Today would have been the 74th birthday of my favourite musician, @DavidBowieReal. It's been Five Years (stuck on my eyes) since we lost him, so here's a little thread on some well-known - and little known - things about him.
First off: his attempt at using his own name was foiled... by none other than The Monkees! Bowie was born David Robert Jones, and went by Davy Jones in his initial years.

And then the Monkees, and Davy Jones, hit it big in the USA, and that put paid to that idea!
He was always very interested in music, a very good painter - and his friends at this time, in some major foreshadowing, would describe him as being "from another planet."

And his art teacher growing up was a Mr. Owen Frampton - the father of, who else, Peter.
He was in his teens when he founded his first band, The Kon-Rads. His bandmate was a (now) graphic designer by the name of George Underwood, who was responsible for the most iconic, constant part of Bowie's "look"....
... In that he was the reason for Bowie's 'two different eyes'. Bowie didn't have heterochromia (two differently coloured pupils), but one that was permanently dilated - because it was Underwood who punched his eye in a fight over a girl.
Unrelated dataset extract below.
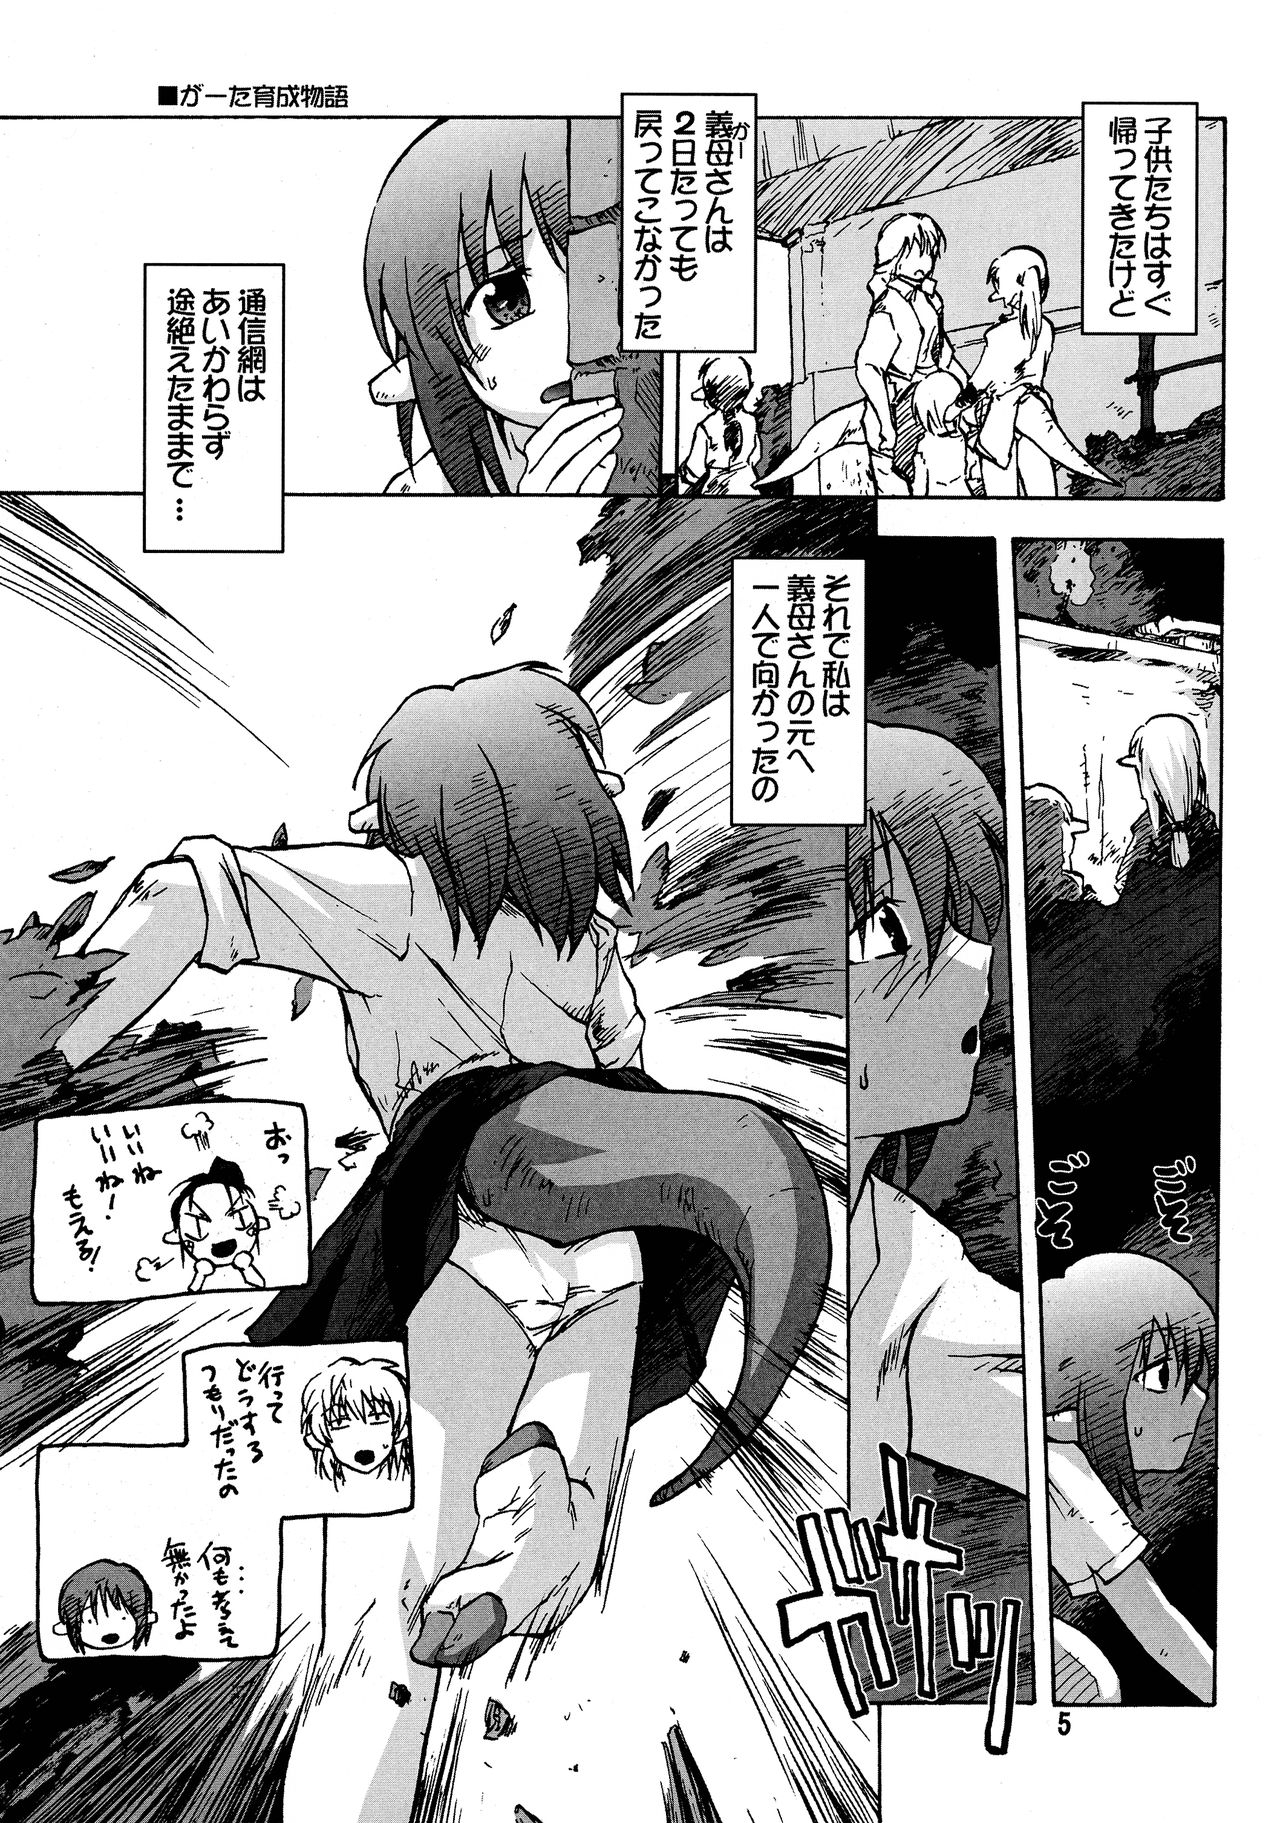 [Kyodai Kidou Yousai Kyoushuu (Kamio 96)] Manga Mintochikuwa vol. 3 4
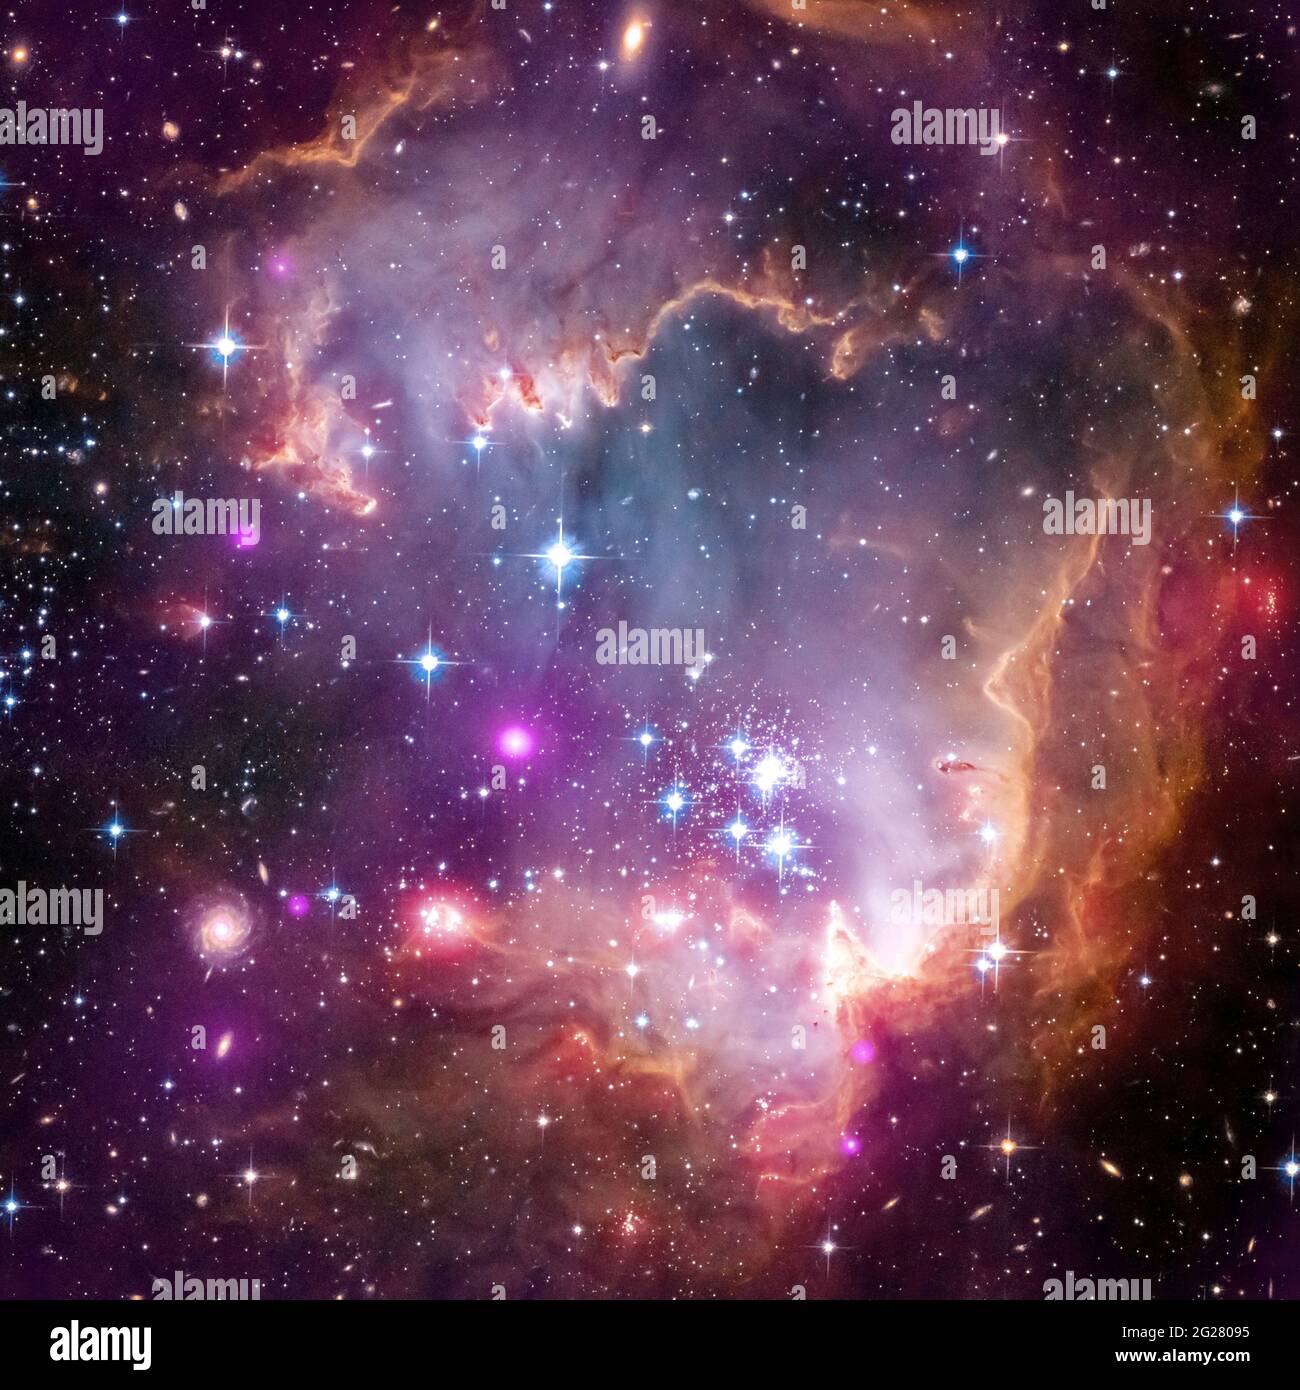 Le giovani stelle della Small Magellanic Cloud (SMC), una delle galassie più vicine alla nostra Via Lattea. Foto Stock

They were also bandmates and collabed..
... on several of Bowie's biggest albums, like these (my two personal favourites):

Ziggy... was shot just on London's Heddon Street, which today, of course, is unrecognisable from the cover. (It's a beautiful place to have a summer drink, though.)

Underwood was the designer.
Funnily enough, when this album came out, the K. West company - outside whose home he posed, were offended, and wrote to Bowie and the recording company, RCA, expressing their displeasure.

The album cover itself was also influenced by A Clockwork Orange....
...by design. If you zoom one, only one of Bowie's eyes is mascara-ed.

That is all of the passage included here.